_TASK BRIEF_:
Below, locate the line that contains "#19 - Blau - ähnlich Pant. 2145". Repeat exactly from that line to the line that contains "Salvador Dali-Les Amours", inclusive, leaving out the pictures.

_LISTED ENTRIES_:
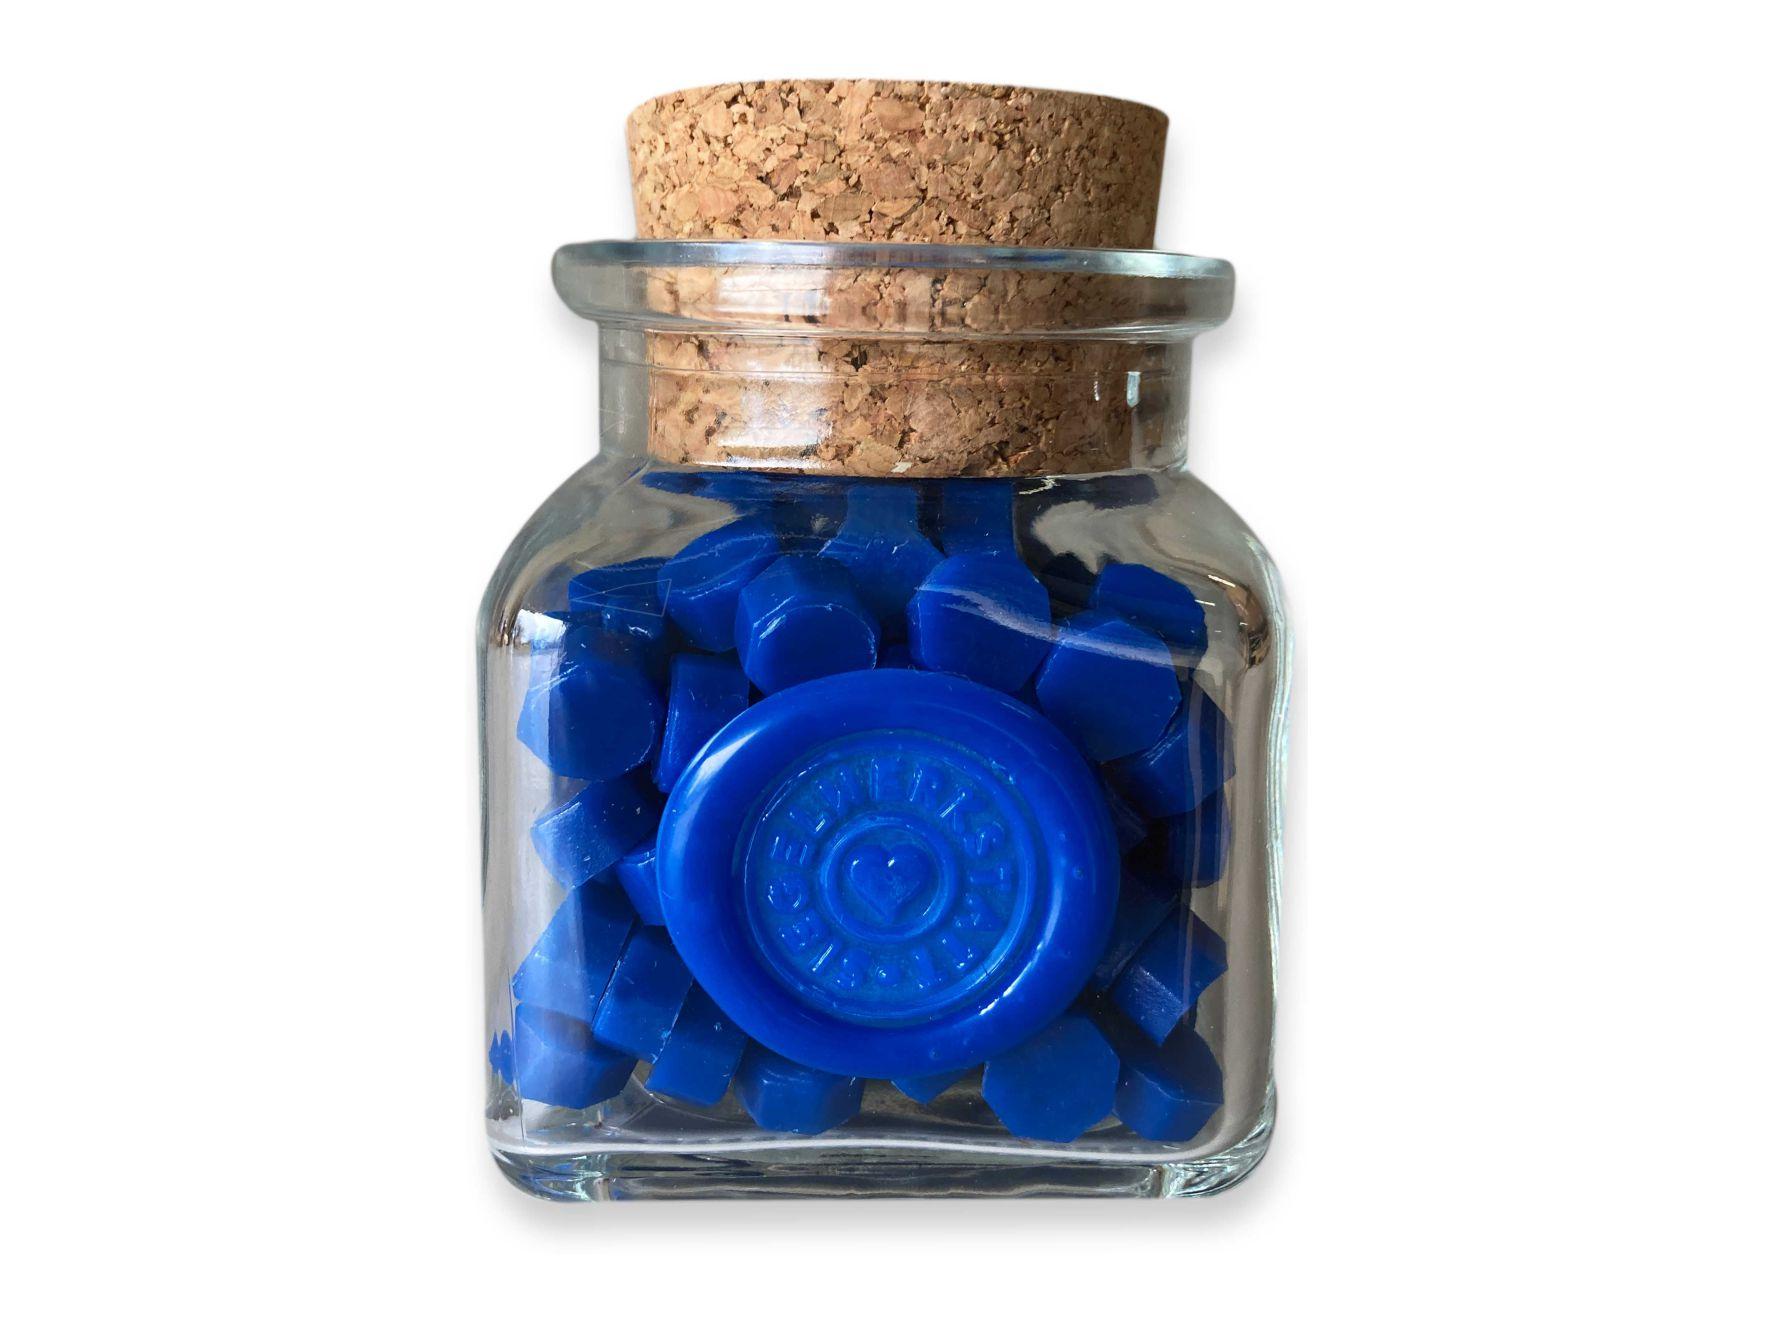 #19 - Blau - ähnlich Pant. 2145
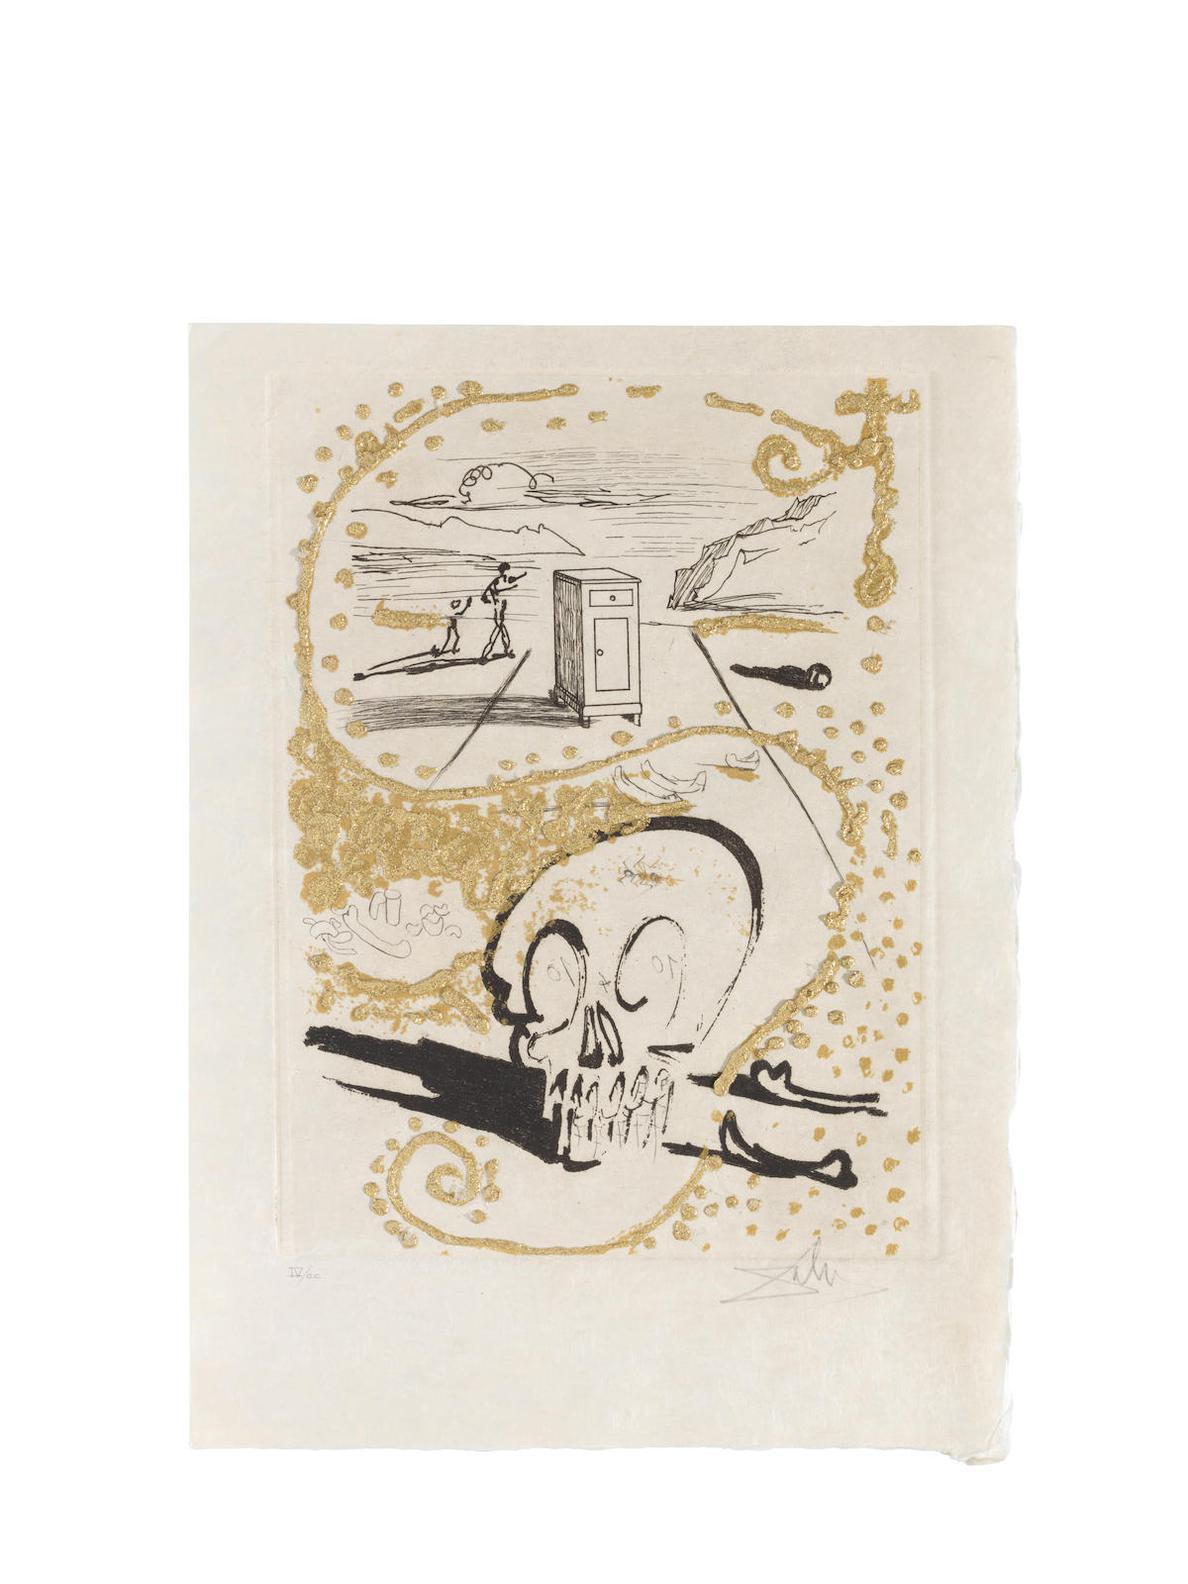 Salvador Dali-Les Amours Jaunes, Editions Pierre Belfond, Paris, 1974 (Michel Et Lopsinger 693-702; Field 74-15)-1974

* * *

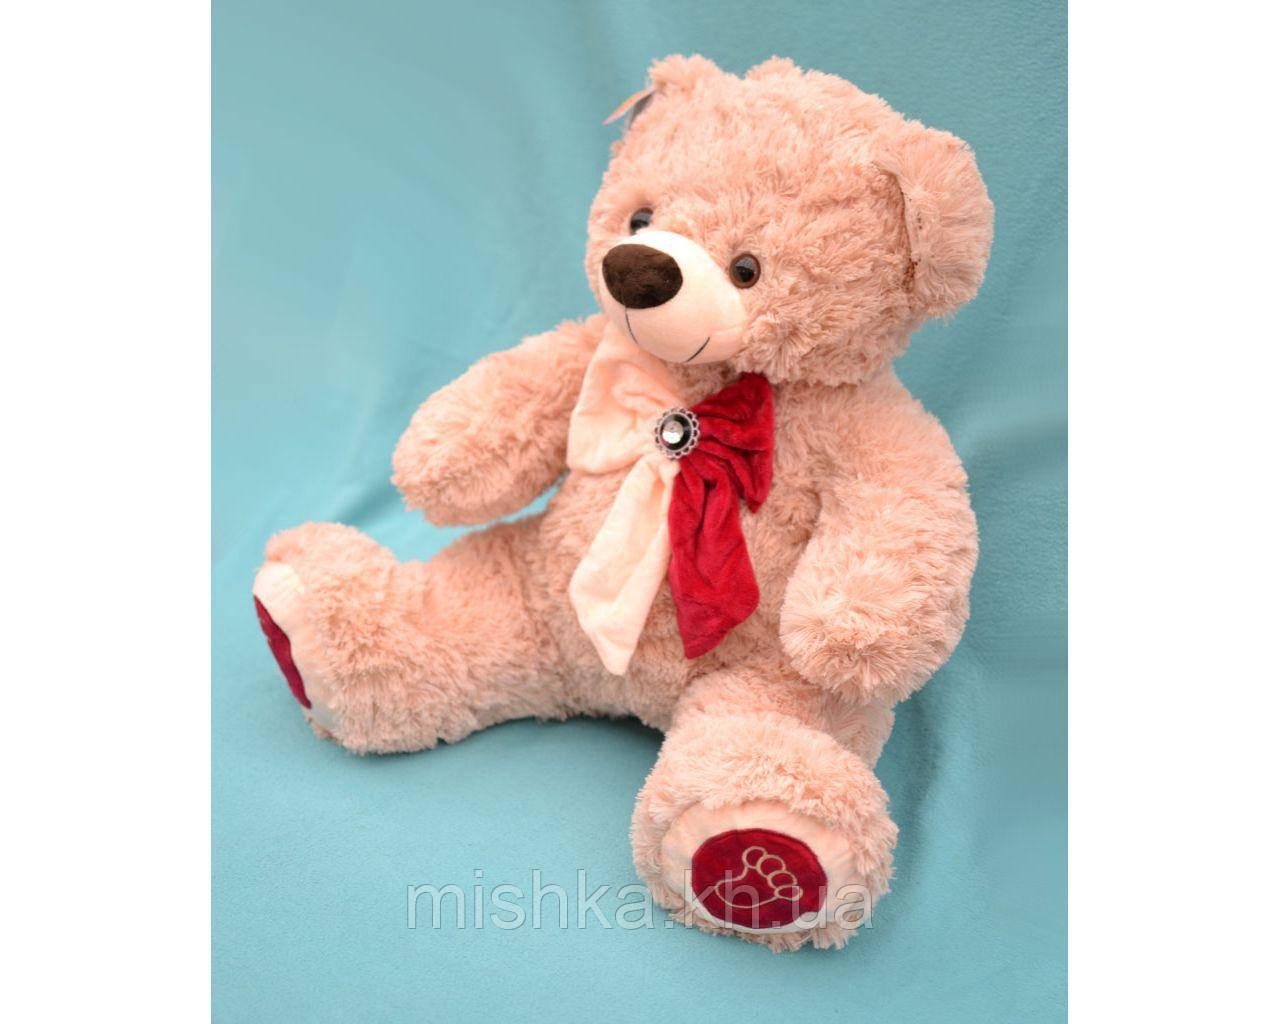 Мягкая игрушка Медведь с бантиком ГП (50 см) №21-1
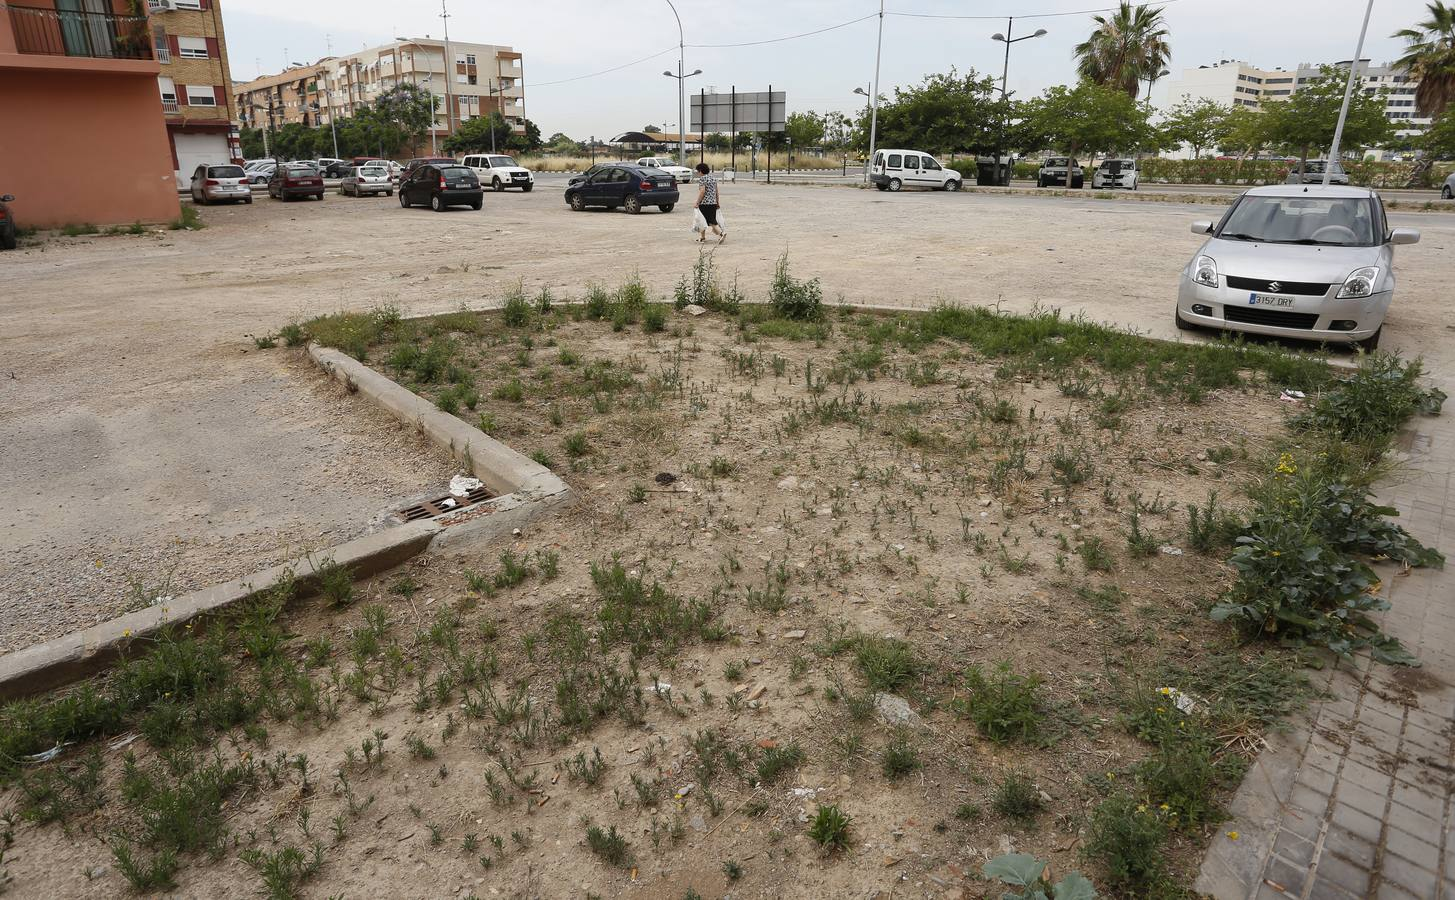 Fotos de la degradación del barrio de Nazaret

* * *

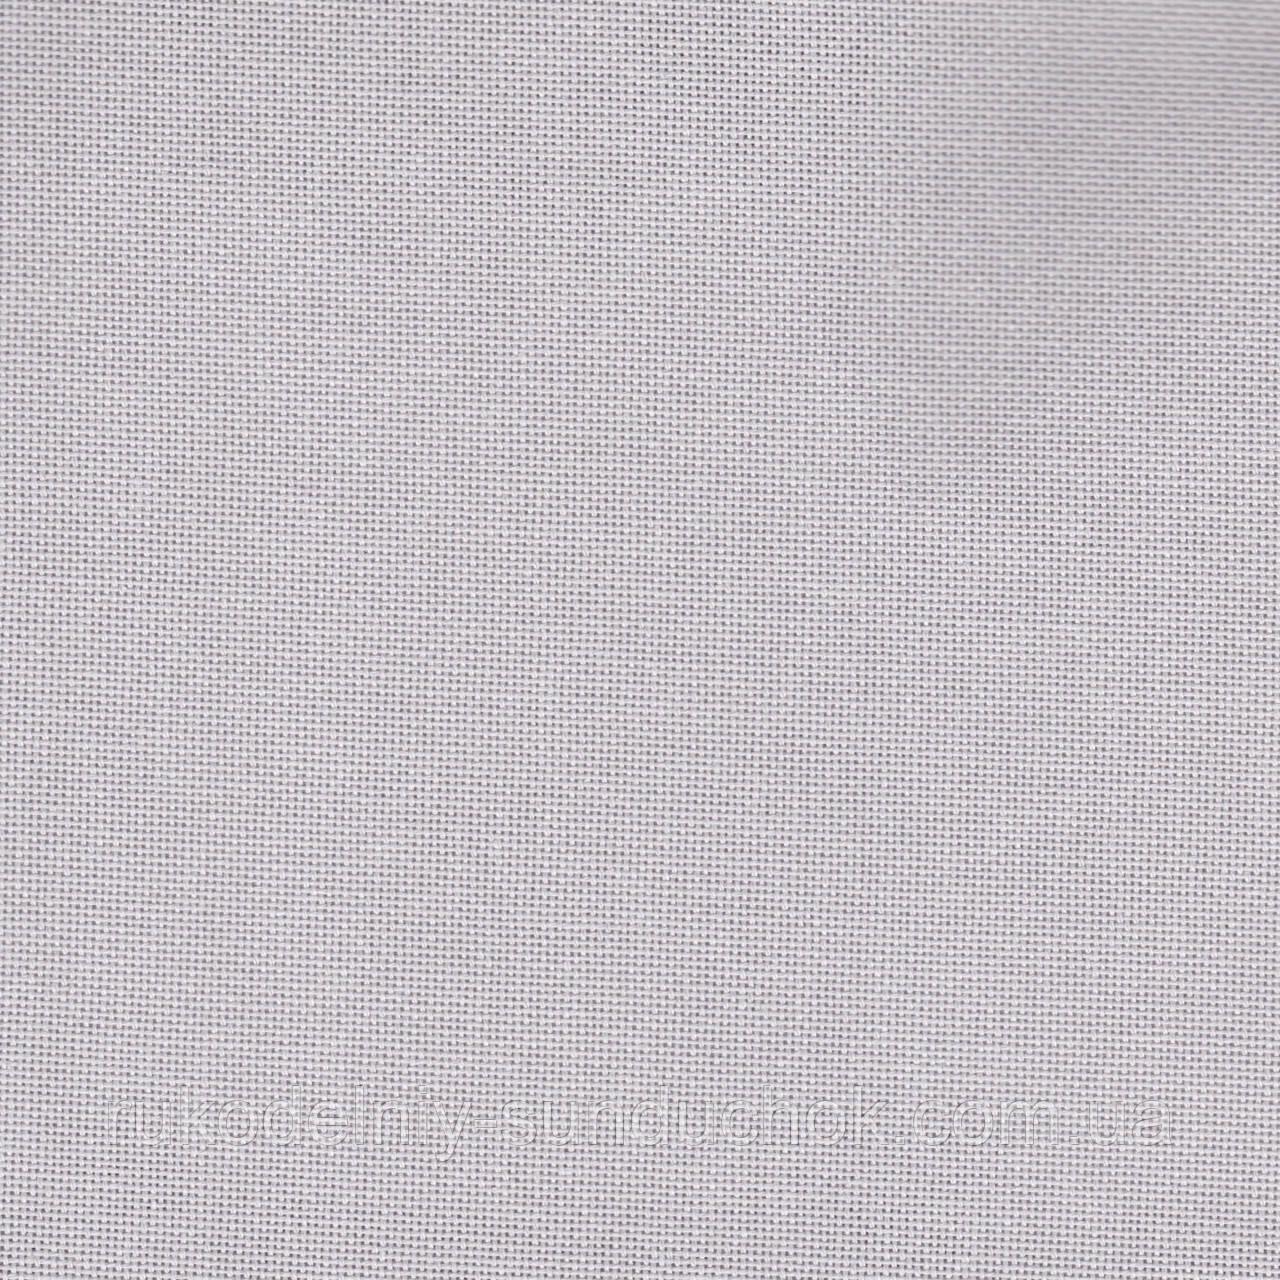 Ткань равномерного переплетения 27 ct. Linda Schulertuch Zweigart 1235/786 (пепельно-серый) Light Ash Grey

_WRITTEN ANSWER_:
 #19 - Blau - ähnlich Pant. 2145
 Salvador Dali-Les Amours Jaunes, Editions Pierre Belfond, Paris, 1974 (Michel Et Lopsinger 693-702; Field 74-15)-1974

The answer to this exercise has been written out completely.